Once a company confirms its research activities meet the four-part test, the next step is to identify the specific costs that can be included in the credit calculation. These are known as Qualified Research Expenses (QREs) and must be directly tied to research conducted within Massachusetts. The expenses fall into two primary categories: in-house research expenses and contract research expenses.
In-house research expenses consist of the wages paid to employees for performing qualified services and the cost of supplies used in the research process. Qualified services include engaging in the conduct of research, providing direct supervision, or offering direct support for research activities.
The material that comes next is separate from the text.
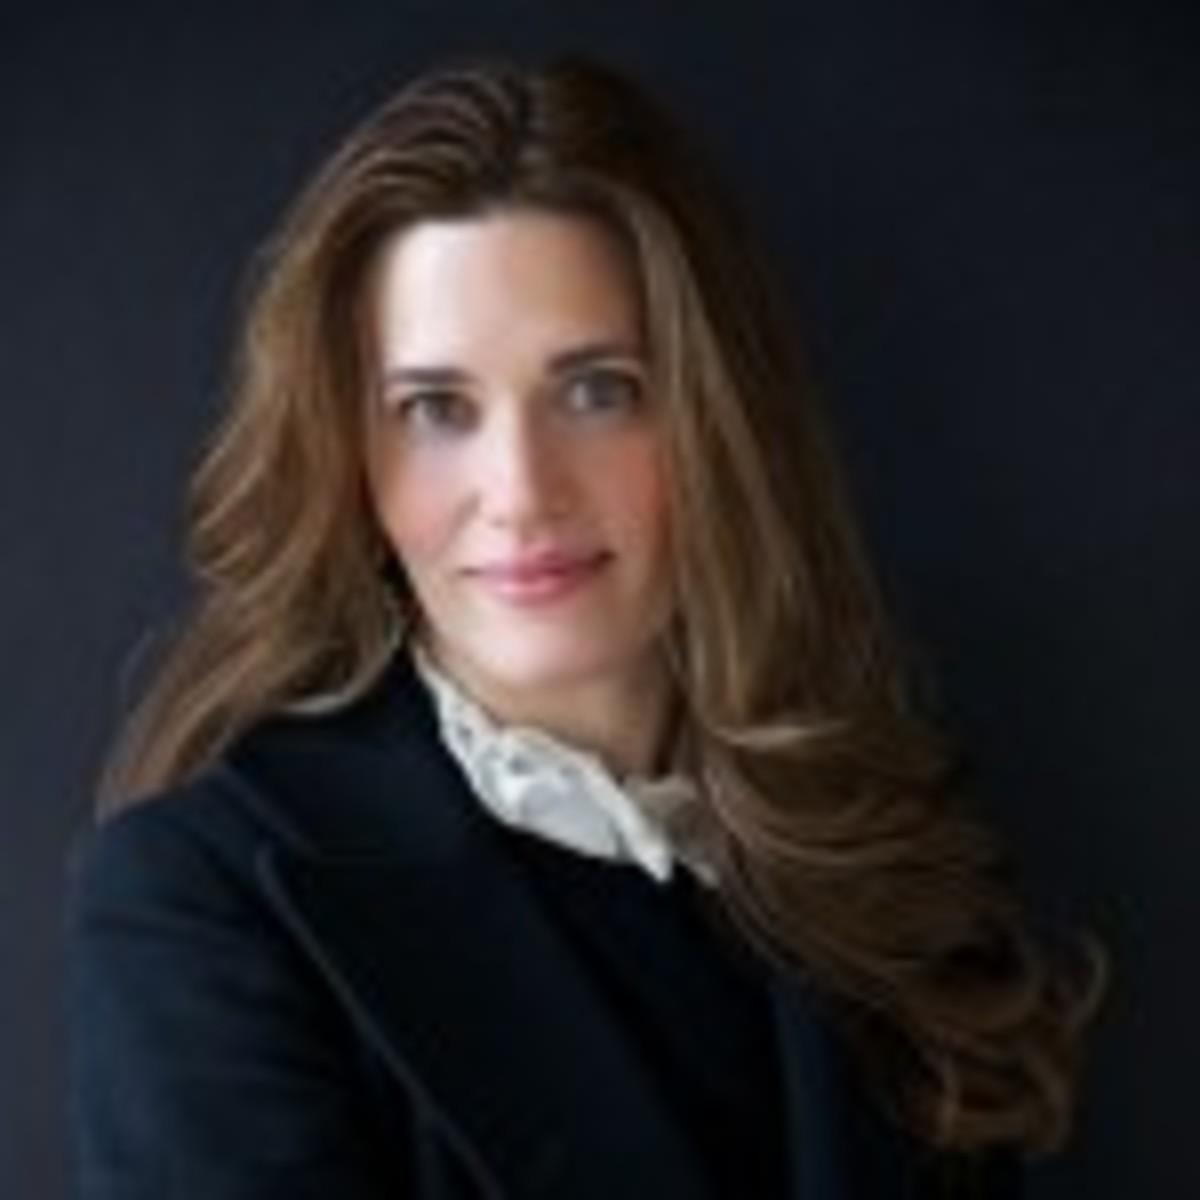 Victoria Bratberg

The cost of supplies includes any tangible property, other than land or depreciable property, that is used and consumed in qualified research, such as materials for a prototype.
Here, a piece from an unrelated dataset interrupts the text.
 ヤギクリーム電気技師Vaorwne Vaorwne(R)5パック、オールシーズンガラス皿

The other category is contract research expenses, which are costs paid to a third party to perform research on the taxpayer’s behalf. For these expenses to qualify, the taxpayer must retain substantial rights to the research results. Only 65% of the amount paid to the third party is considered a QRE, and the research must be performed within Massachusetts.
After identifying all Qualified Research Expenses (QREs), the credit is computed. Massachusetts provides two distinct methods for this calculation: the regular credit calculation and the alternative simplified credit (ASC) calculation. A business must choose one method, and that choice can have significant implications for the final credit amount.
The regular credit calculation is more complex. It yields a credit equal to 10% of the QREs for the taxable year that exceed a calculated “base amount,” plus 15% of any basic research payments made to qualified educational institutions. The base amount is calculated by multiplying the company’s “fixed-base percentage” by its average annual gross receipts for the four preceding tax years. The fixed-base percentage is a ratio of aggregate QREs to aggregate gross receipts for a specific historical period, such as 1984-1988.
Alternatively, businesses can elect the simplified credit calculation. The ASC is 10% of the taxpayer’s current-year QREs that exceed 50% of the average QREs for the three preceding taxable years. If a taxpayer had no qualified research expenses in any of the three preceding tax years, the credit is 5% of the current year’s qualified research expenses. This method avoids the need to calculate a fixed-base percentage, making it a more straightforward option.
The credit is subject to limitations. It is limited to 100% of the corporation’s first $25,000 of corporate excise tax liability plus 75% of the liability over that amount. The credit cannot reduce the corporation’s tax liability below the minimum tax of $456.
Once the credit amount is calculated, it must be claimed on the company’s state tax filing. The primary form for this purpose is Massachusetts Schedule RC, Research Credit. This schedule is where the taxpayer details the calculation of the credit and reports the total QREs for the year.
The final credit amount calculated on Schedule RC is then transferred to the main corporate excise return. For a C corporation, this is Form 355, and for an S corporation, it is Form 355S. The credit directly reduces the amount of tax owed, and supporting documentation for the QREs should be maintained for verification.
Massachusetts law includes provisions for carrying forward any portion of the research credit that cannot be used in the current tax year. Unused regular credit can be carried forward for up to 15 years. If any portion of the credit is disallowed because of the 75% limitation rule, that specific amount can be carried forward indefinitely.
A provision beneficial to certain life sciences companies allows a portion of the unused research credit to become refundable after a specified period. This allows these businesses to receive a cash payment from the state even if they do not have sufficient tax liability to absorb the credit.